*Exercise objective*
Copy the data exactly; pictures stay out of the copy.

*Available data*
*** Begin section ***

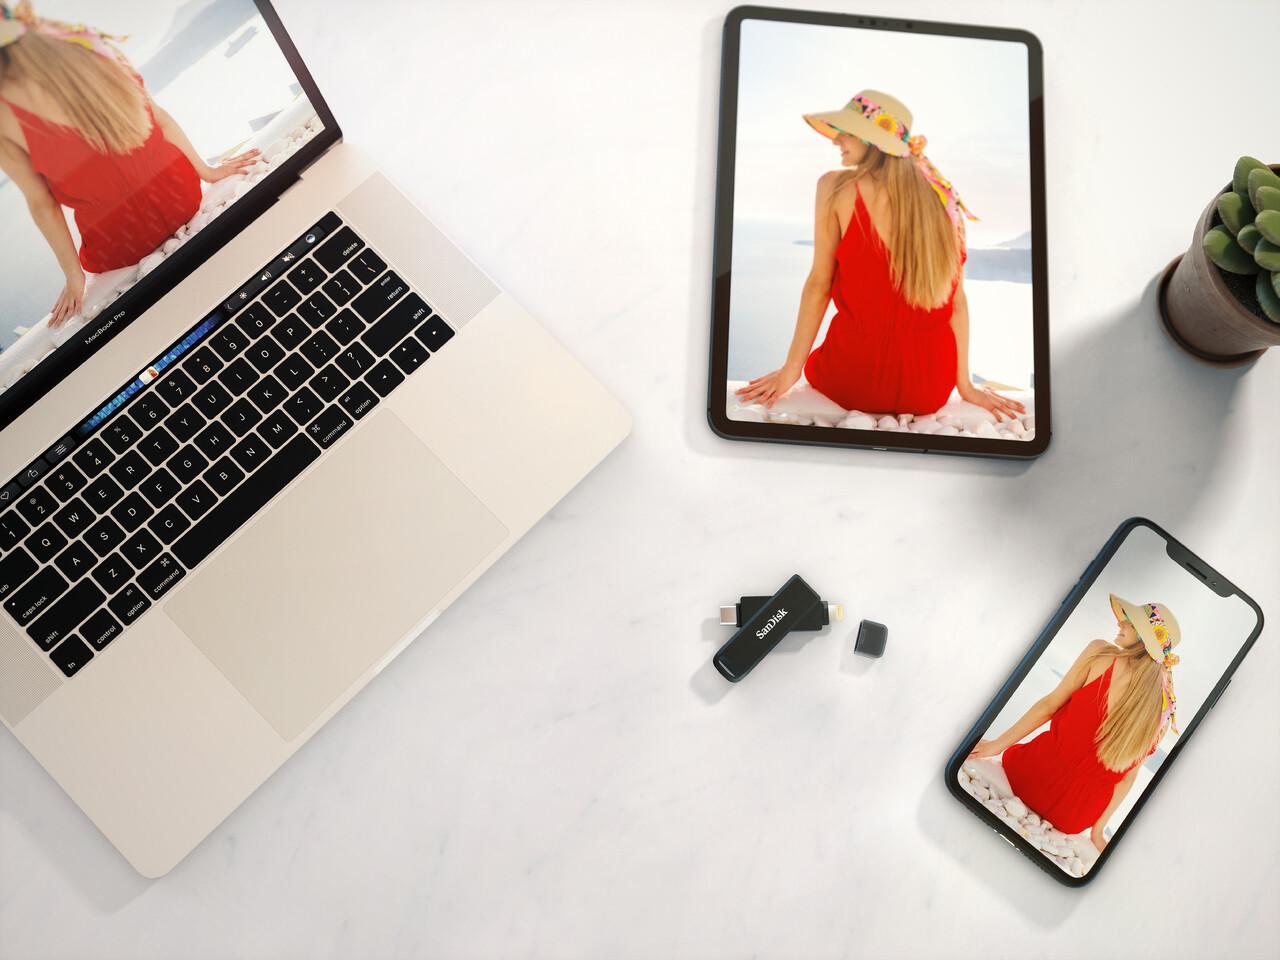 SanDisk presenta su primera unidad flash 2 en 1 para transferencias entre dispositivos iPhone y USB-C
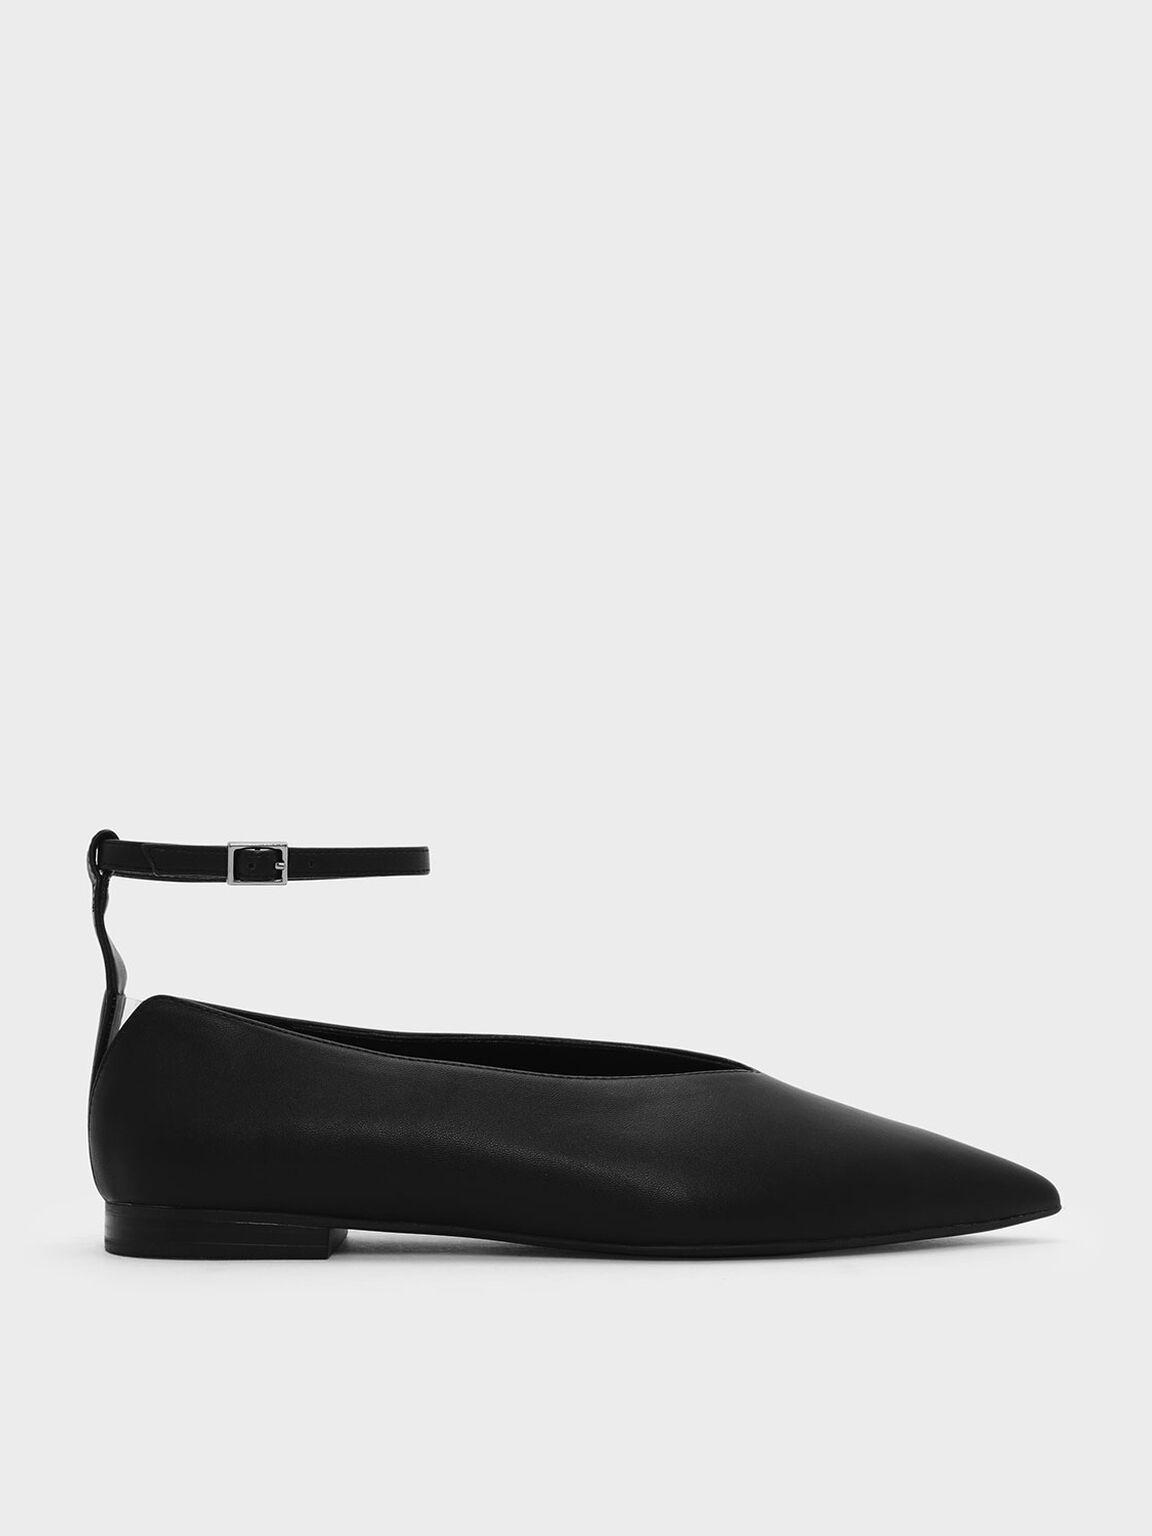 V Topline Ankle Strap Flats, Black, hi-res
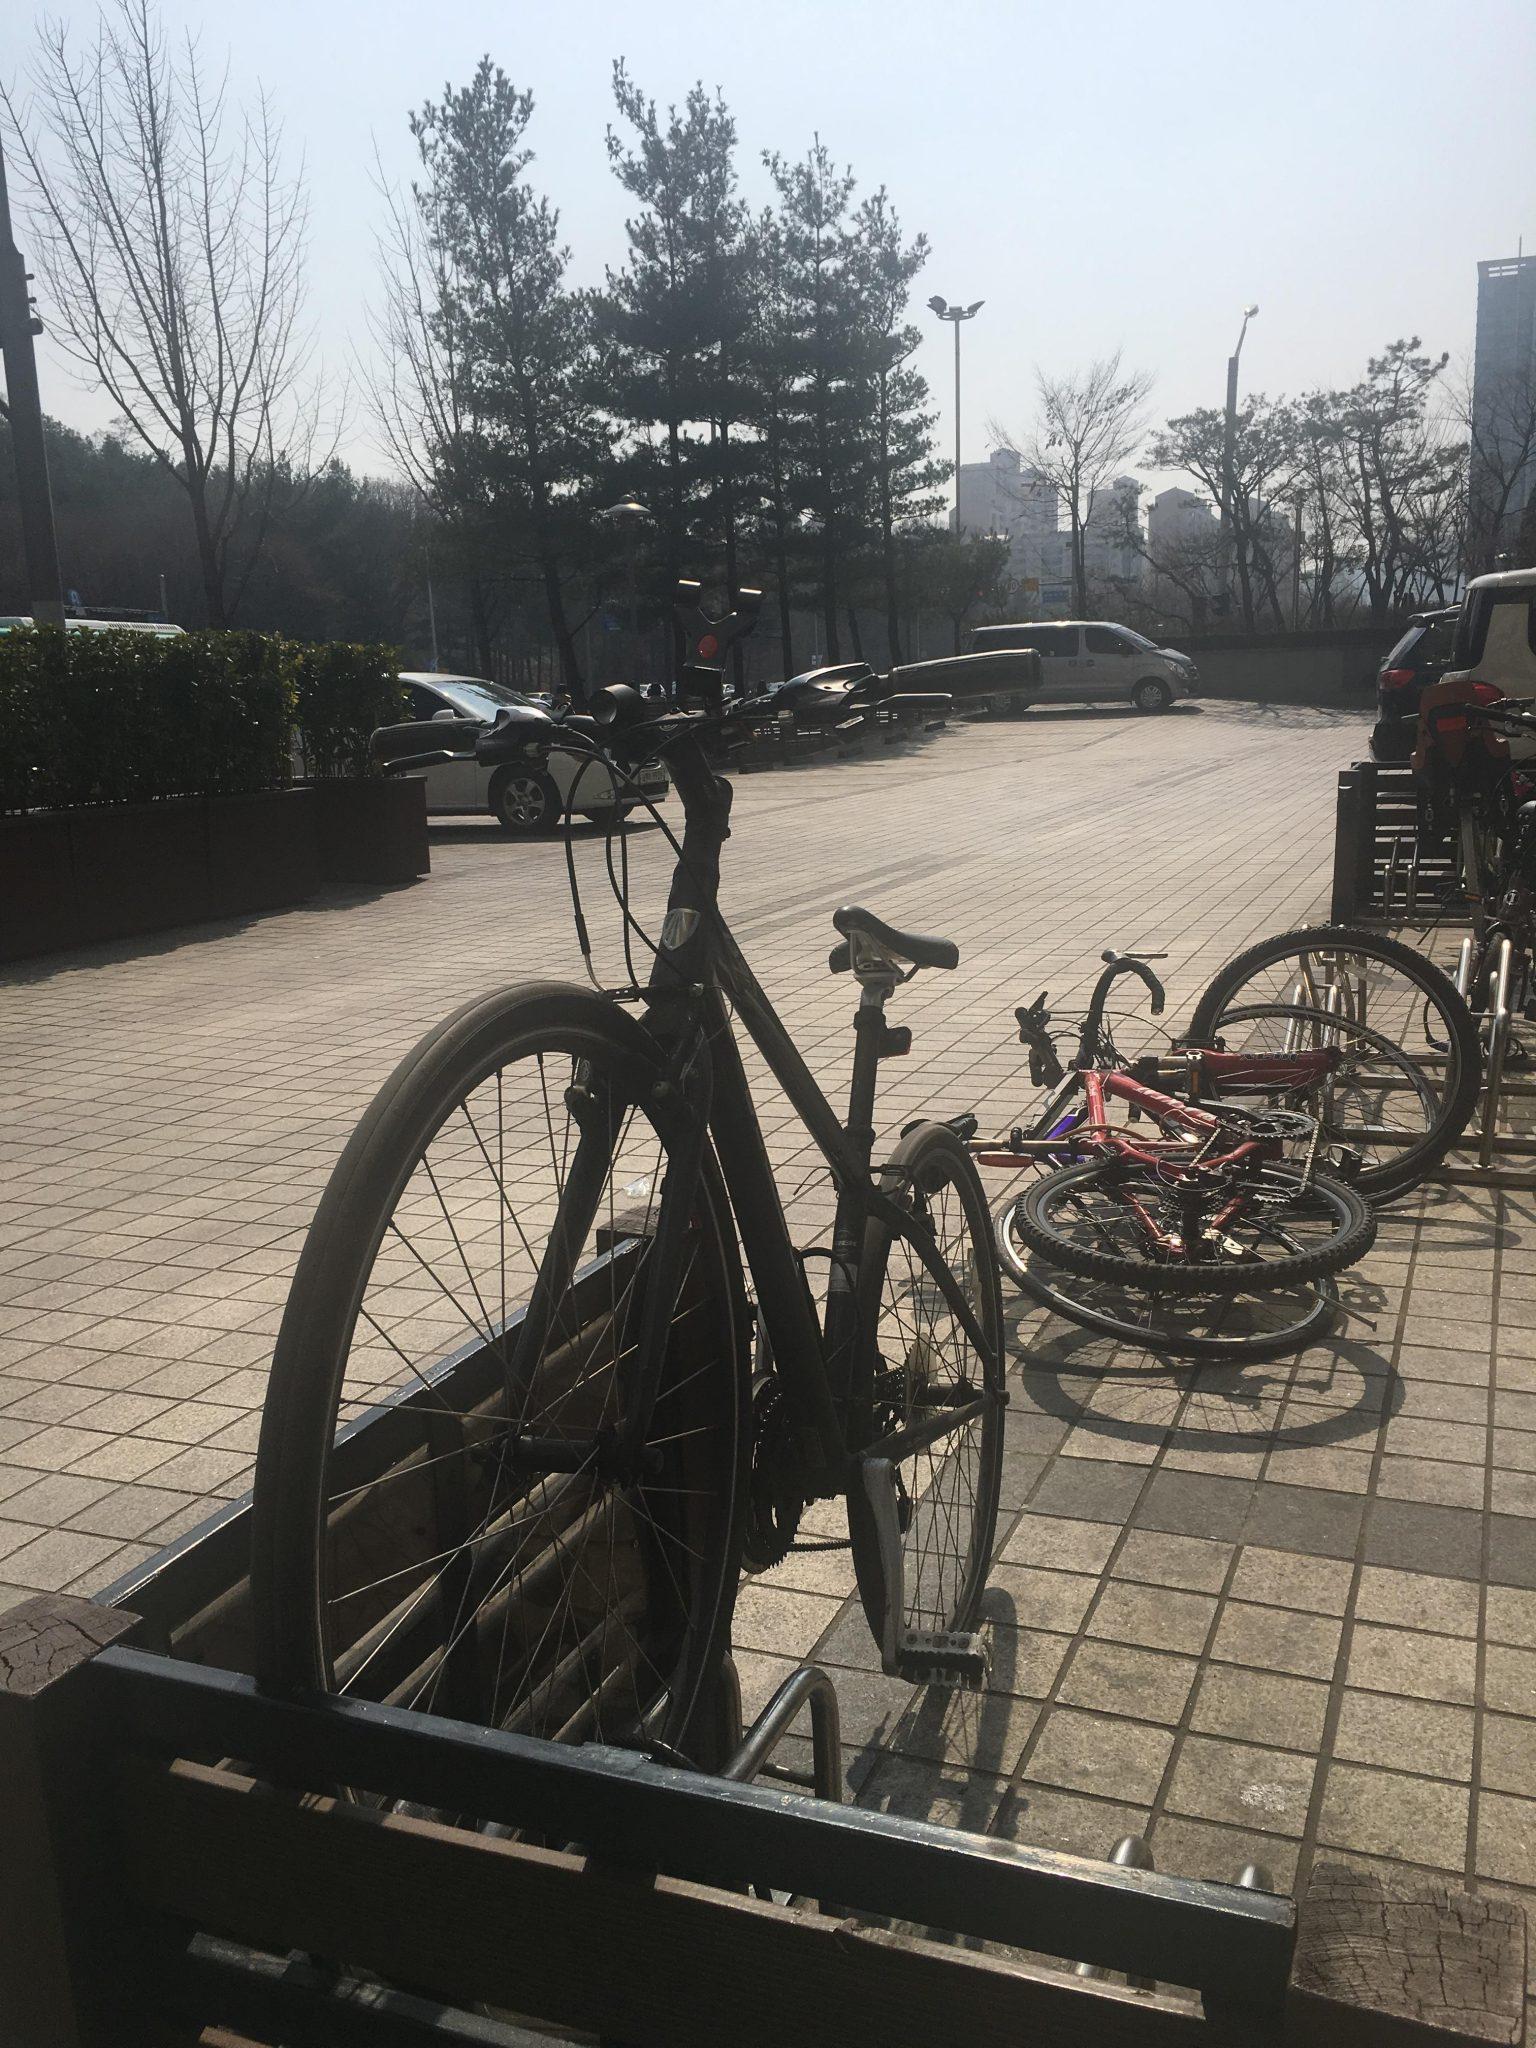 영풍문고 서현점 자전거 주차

*** End section ***

*The answer*
 SanDisk presenta su primera unidad flash 2 en 1 para transferencias entre dispositivos iPhone y USB-C
 V Topline Ankle Strap Flats, Black, hi-res
 영풍문고 서현점 자전거 주차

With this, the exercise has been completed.